The feeding of the 5,000 was certainly far beyond what Jesus’ first disciples could have asked or imagined. Philip said, ‘Six months’ wages would not buy enough bread for each of these people to get even a little!’ And yet Jesus was able to feed the crowd because of God’s power flowing through him. Not only that, but he was also able to accomplish it abundantly; there was a superfluity of God’s power at work here, leading to twelve baskets of leftovers.

So what’s the message for us - is it that on the journey with Jesus we have to expect the impossible, to learn not to worry too much about having the resources to finish the task when we set out, to be prepared to have our imaginations stretched and our horizons broadened?
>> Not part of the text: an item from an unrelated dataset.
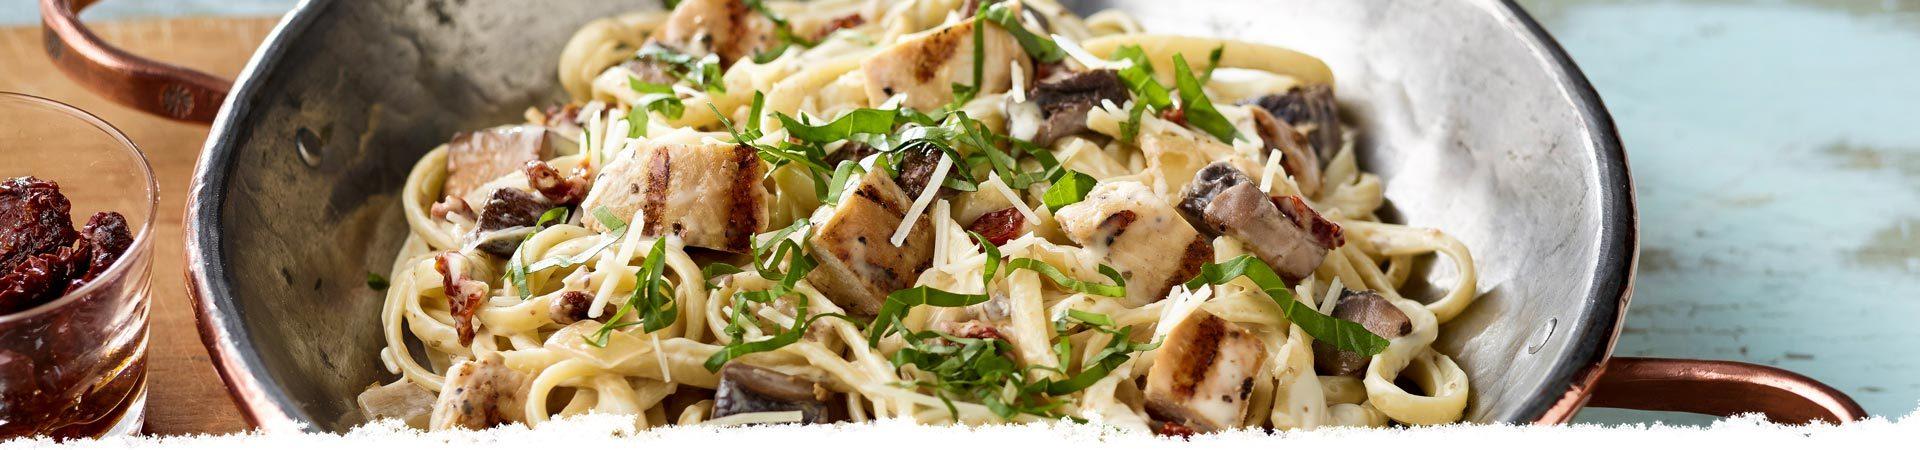 Linguine with Roasted Garlic, Mushrooms, & Chicken

Do we sometimes fail because we are too cautious, too reluctant, too calculating?

Yet sometimes Jesus says, ‘Don’t set out to build a tower unless you have the resources to finish it, don’t go out against an army unless you have overwhelming odds on your side.’ How does that advice square with the story of the feeding of the 5,000? Feeding a lot of people, especially feeding those in genuine need - in the middle of a famine, for instance - is a huge logistical task and it actually takes a lot of foresight and planning.

So maybe the message is that - as often as possible - we should be like the boy. I’m always amazed when people go out and buy their lunch every day when they could save a fortune by packing up a sandwich. We should all take rations with us for the journey with Jesus, and be prepared to top them up when we can. But there will be times, as he says, when it is essential instead to travel light, to take no pack on our back, no sandwich box and thermos flask. There will be times when, to grasp the opportunities that are presented to us, we must be prepared to take risks and believe that God can ‘accomplish abundantly far more than all we can ask or imagine.’